Europa kann sich nach Einschätzung von Nato-Generalsekretär Mark Rutte ohne Hilfe der Vereinigten Staaten nicht verteidigen. Der Kontinent müsste dafür seine aktuellen Militärausgaben mehr als verdoppeln, sagte Rutte vor EU-Abgeordneten in Brüssel.
„Wer hier glaubt, die Europäische Union oder Europa als Ganzes könne sich ohne die USA verteidigen – träumen Sie weiter“, erklärte der Nato-Chef.

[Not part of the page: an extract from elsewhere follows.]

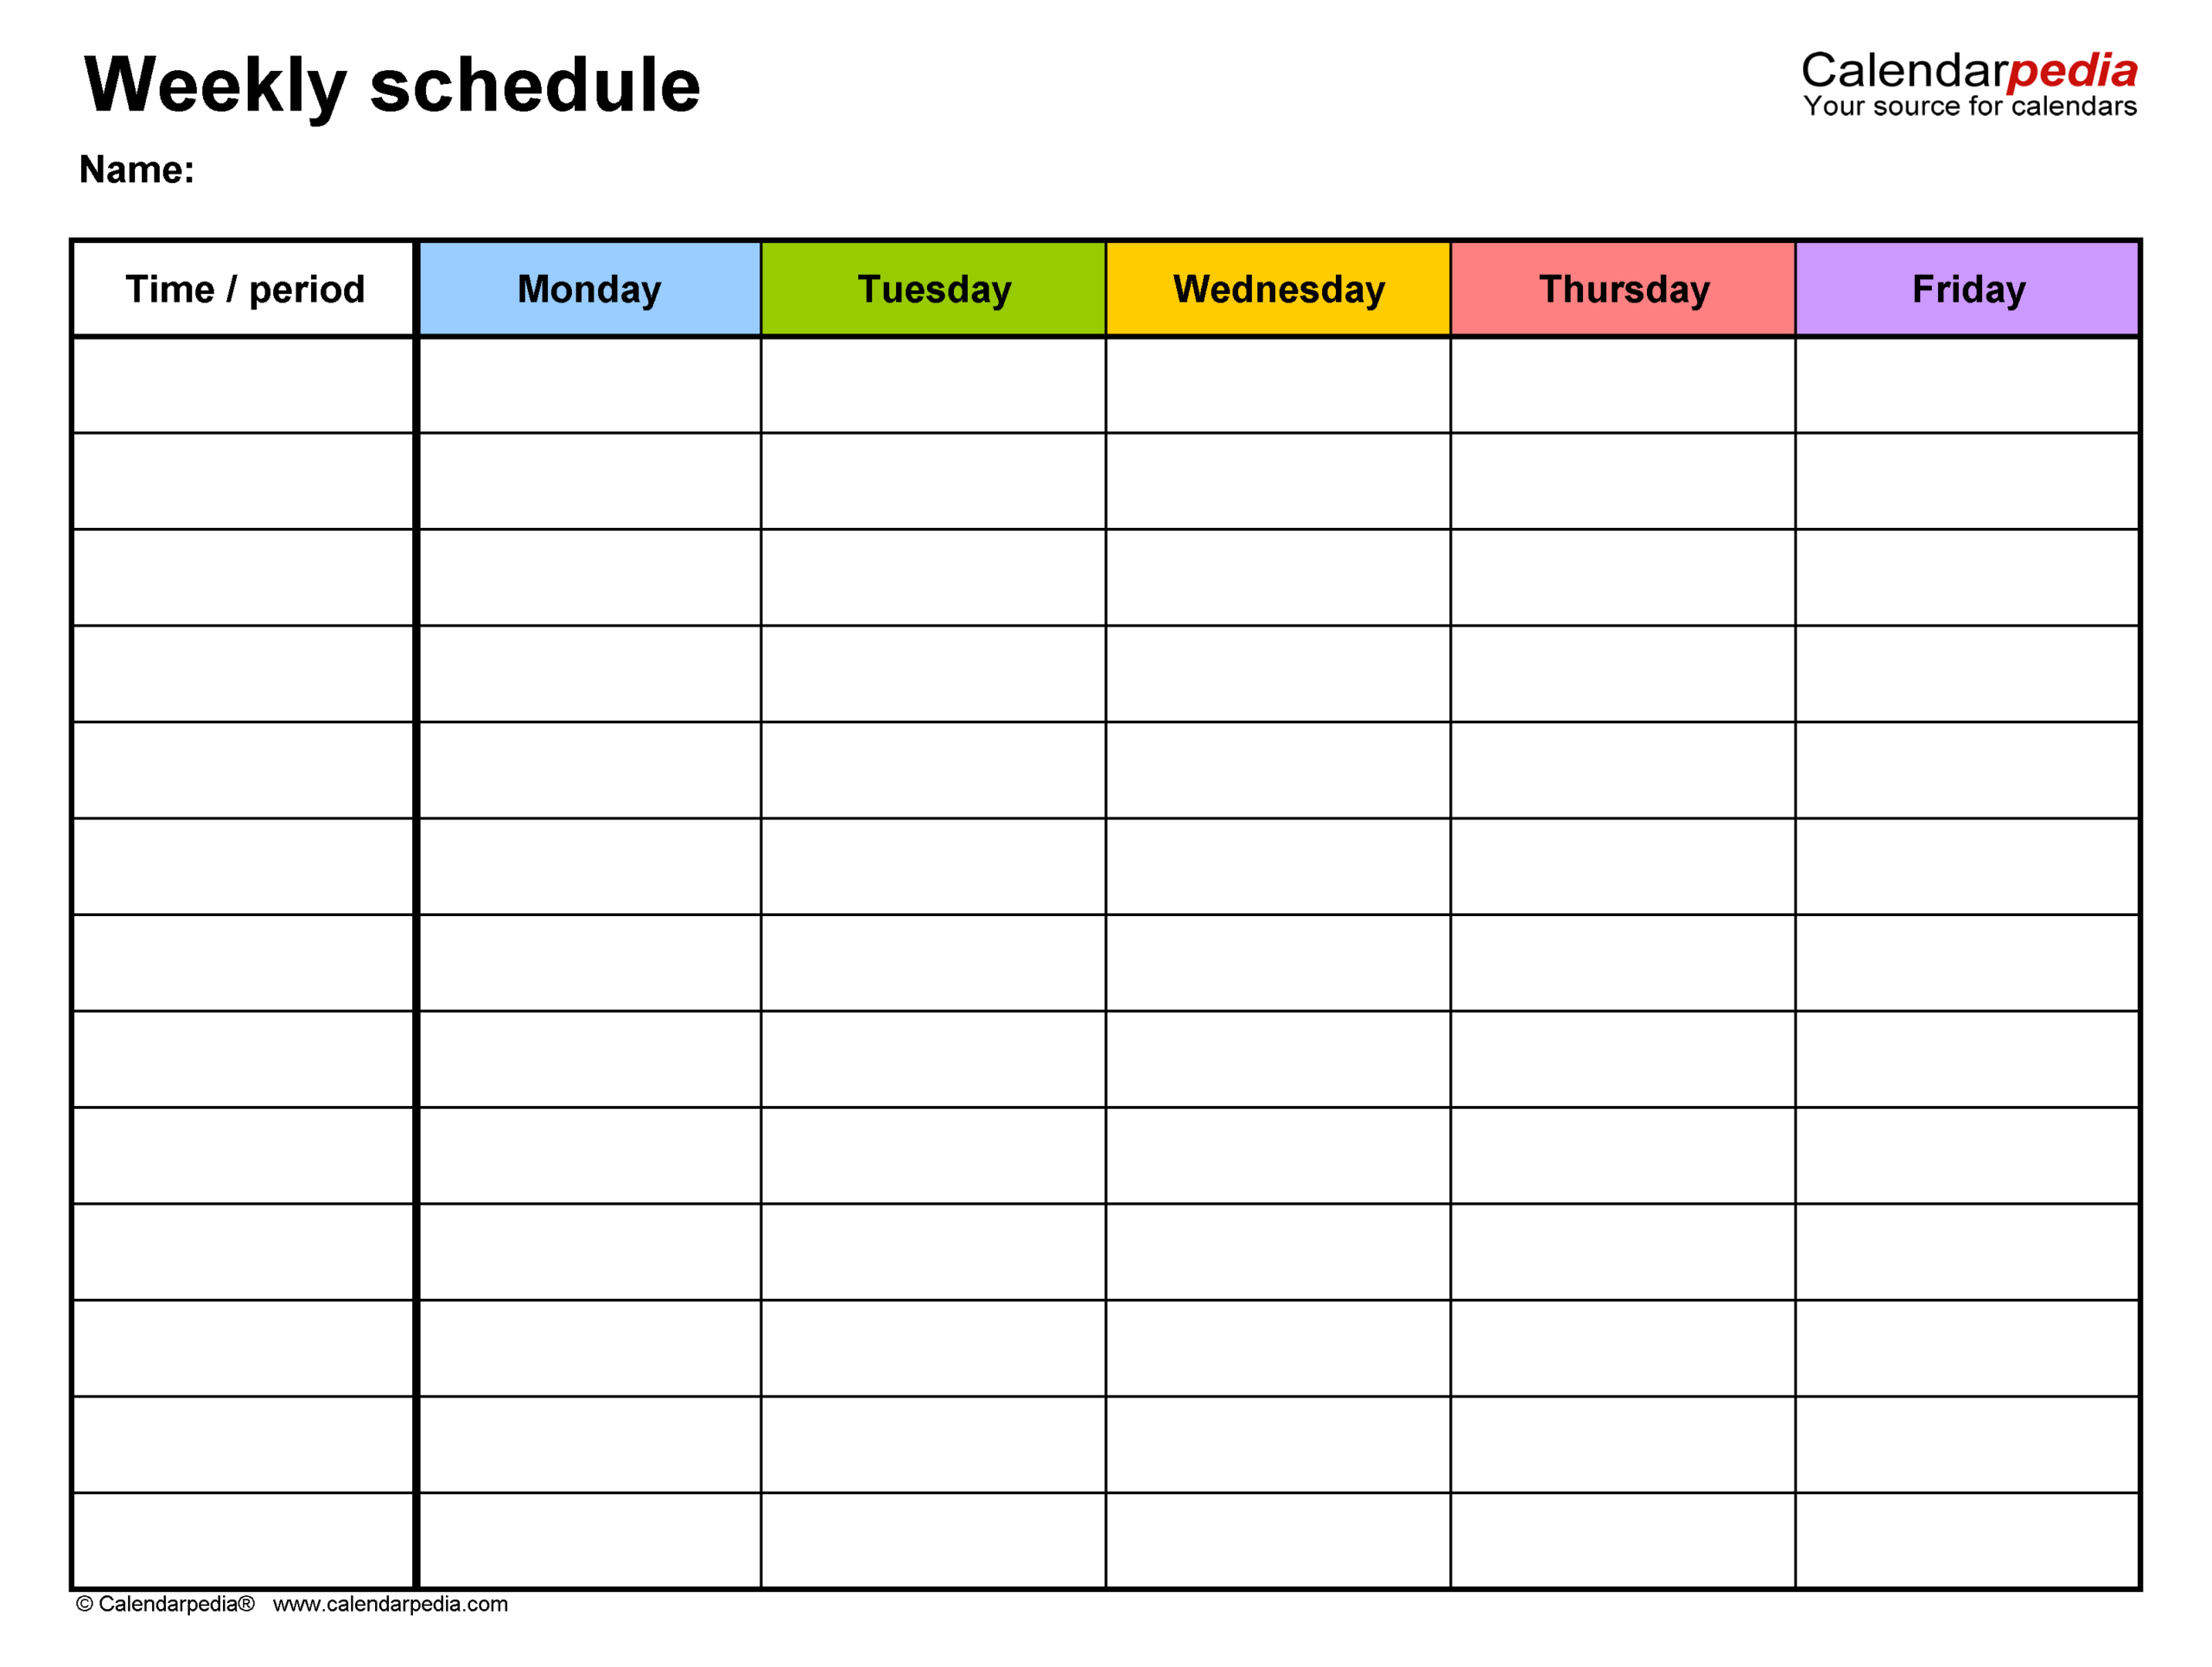 Free Weekly Schedules For Word - 18 Templates

Europa und die Vereinigten Staaten seien aufeinander angewiesen.

Der Nato-Chef stand heute im Ausschuss für Sicherheit und Verteidigung des Europäischen Parlaments Rede und Antwort, saß neben dessen Vorsitzenden Marie-Agnes Strack-Zimmermann (67, FDP)

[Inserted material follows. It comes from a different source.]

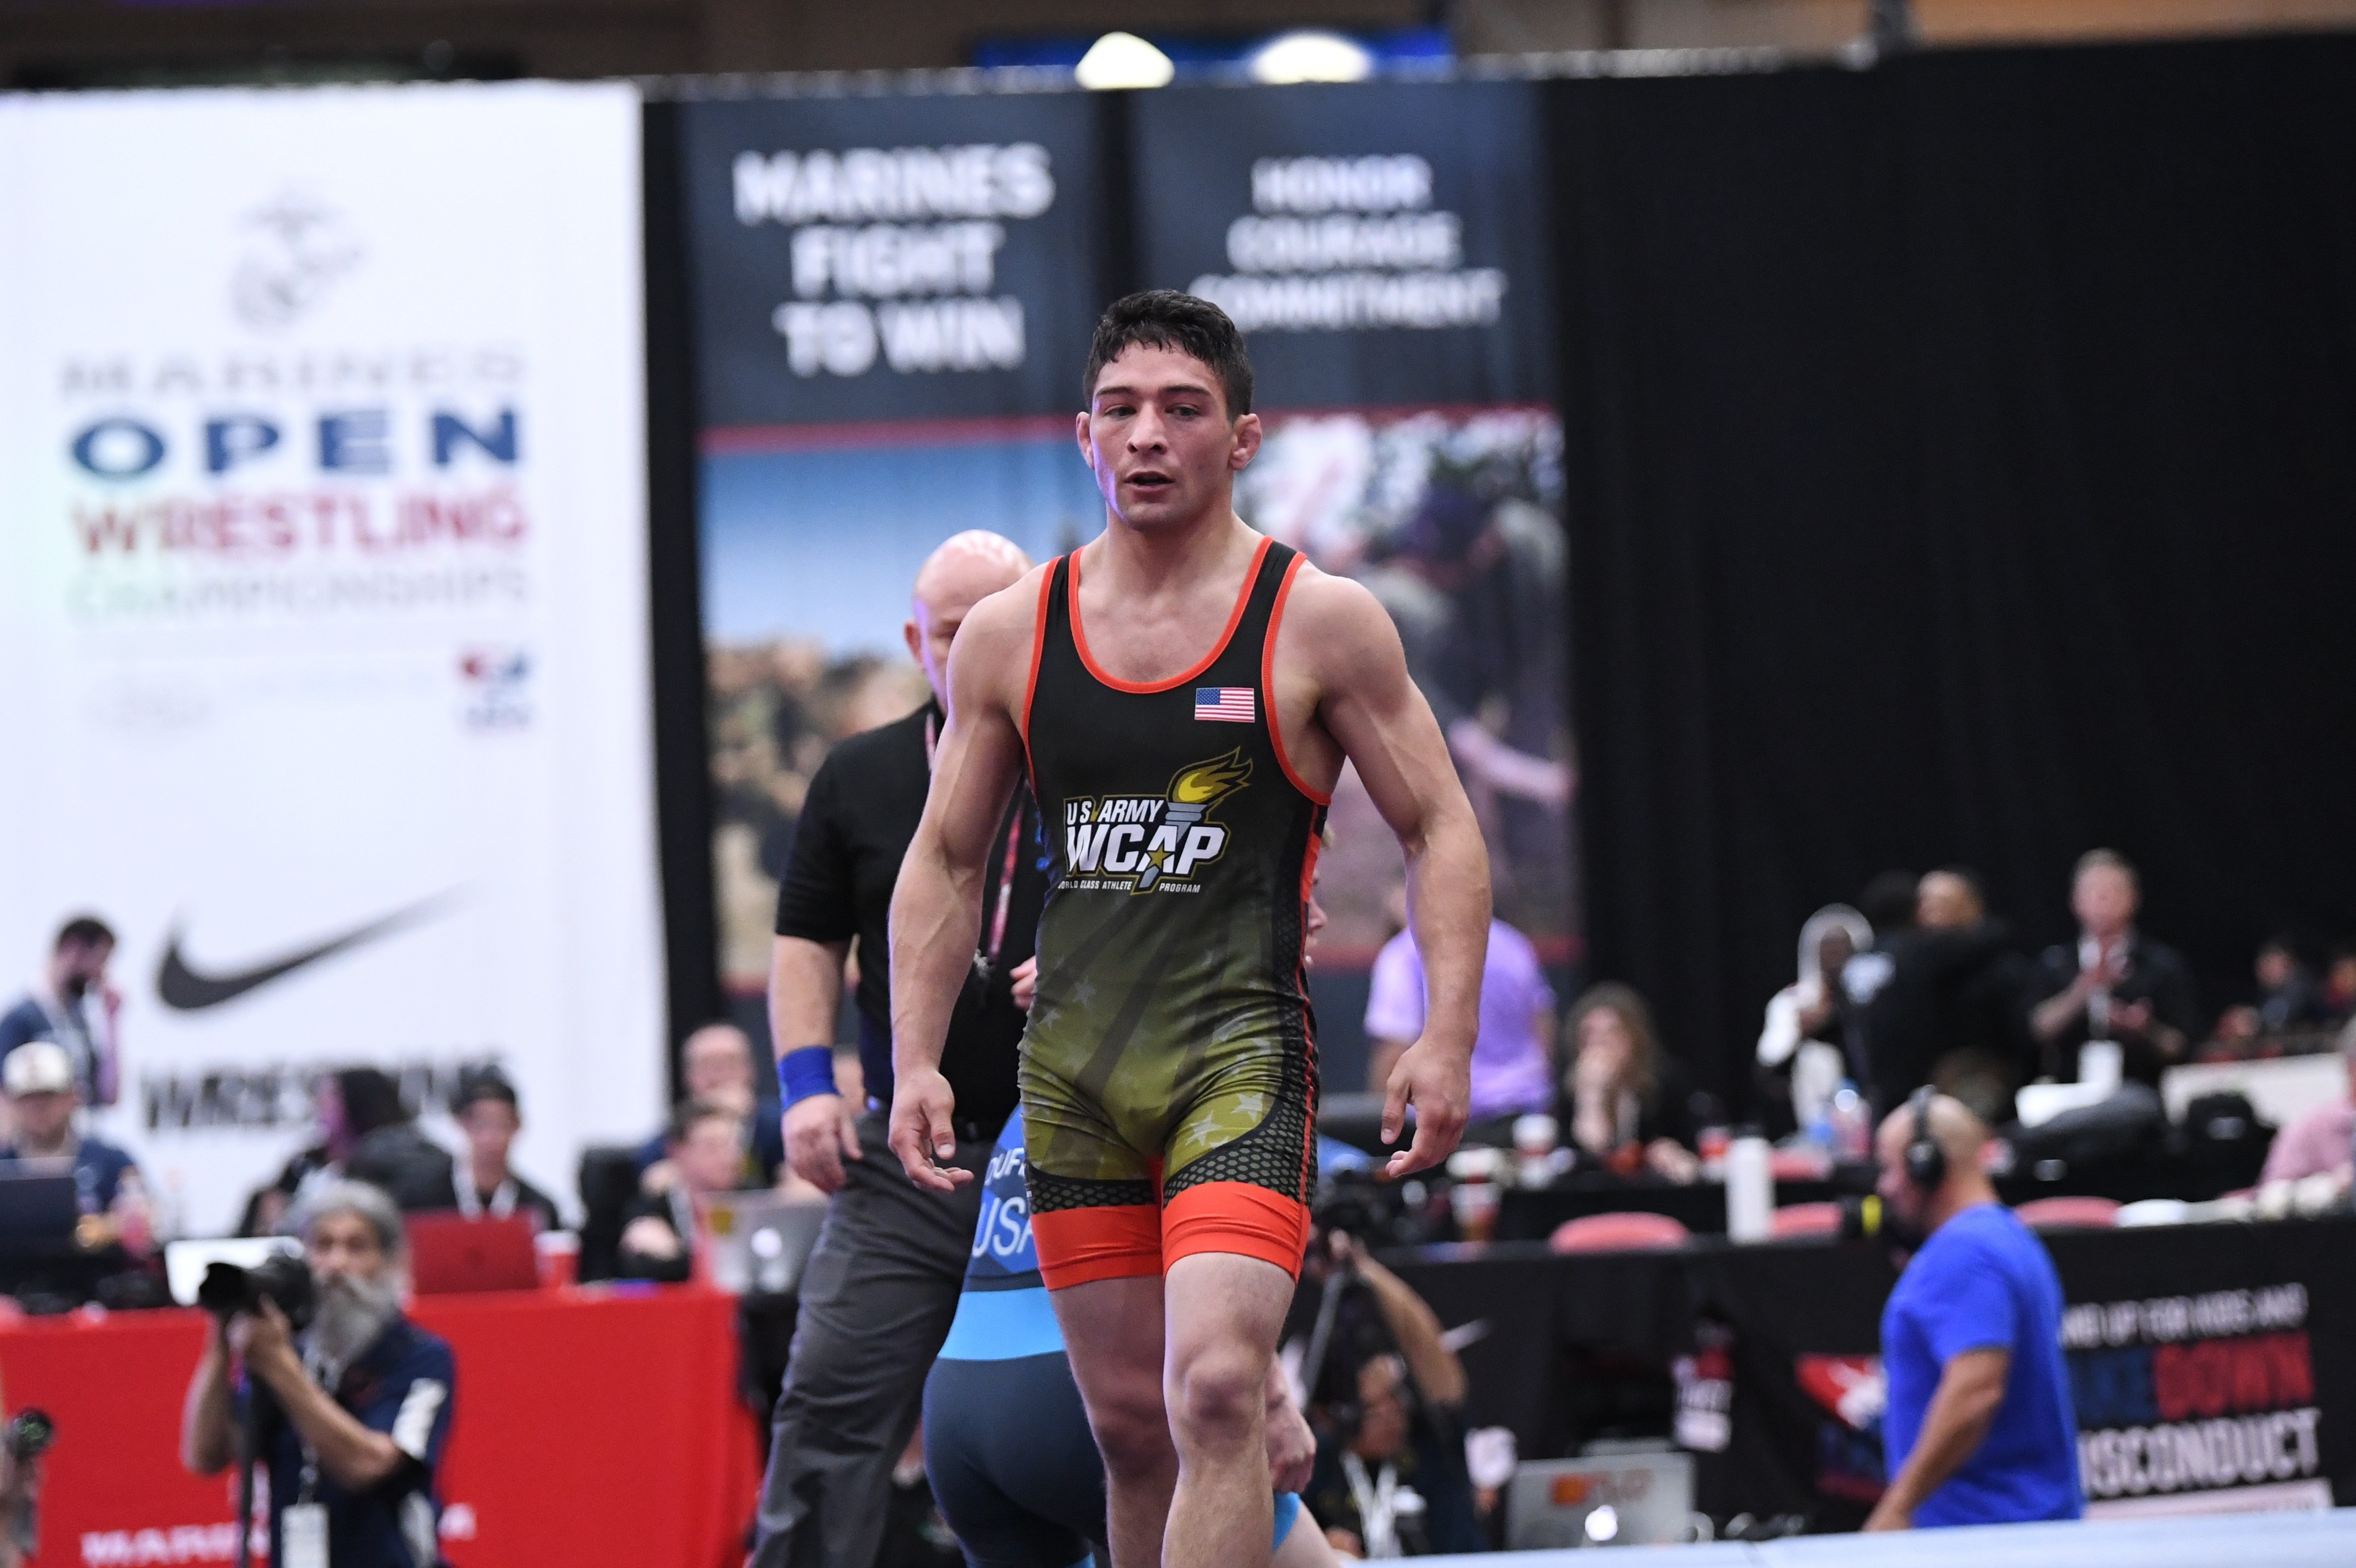 Three Soldiers headed to Wrestling World Championship Article The

Foto: IMAGO/ZUMA Press Wire
Europa bräuchte ein 10-Prozent-Ziel
Ruttes bittere Wahrheit: Wenn Europa sich allein verteidigen wolle, reichten die Verteidigungsausgaben von derzeit angepeilten fünf Prozent der Wirtschaftsleistung (gemessen am Bruttoinlandsprodukt) nicht aus, sagte Rutte. Tatsächlich müssten es dann zehn Prozent sein. „Sie müssen Ihre eigene nukleare Kapazität aufbauen. Das kostet Milliarden und Abermilliarden von Euro.“
Frankreich hatte zuletzt eine stärkere strategische Autonomie Europas gefordert. Die Unterstützung für diese Haltung ist gewachsen, seit die US-Regierung unter Präsident Donald Trump im vergangenen Jahr warnte, ihre Sicherheitsprioritäten lägen woanders und die Europäer müssten sich selbst verteidigen.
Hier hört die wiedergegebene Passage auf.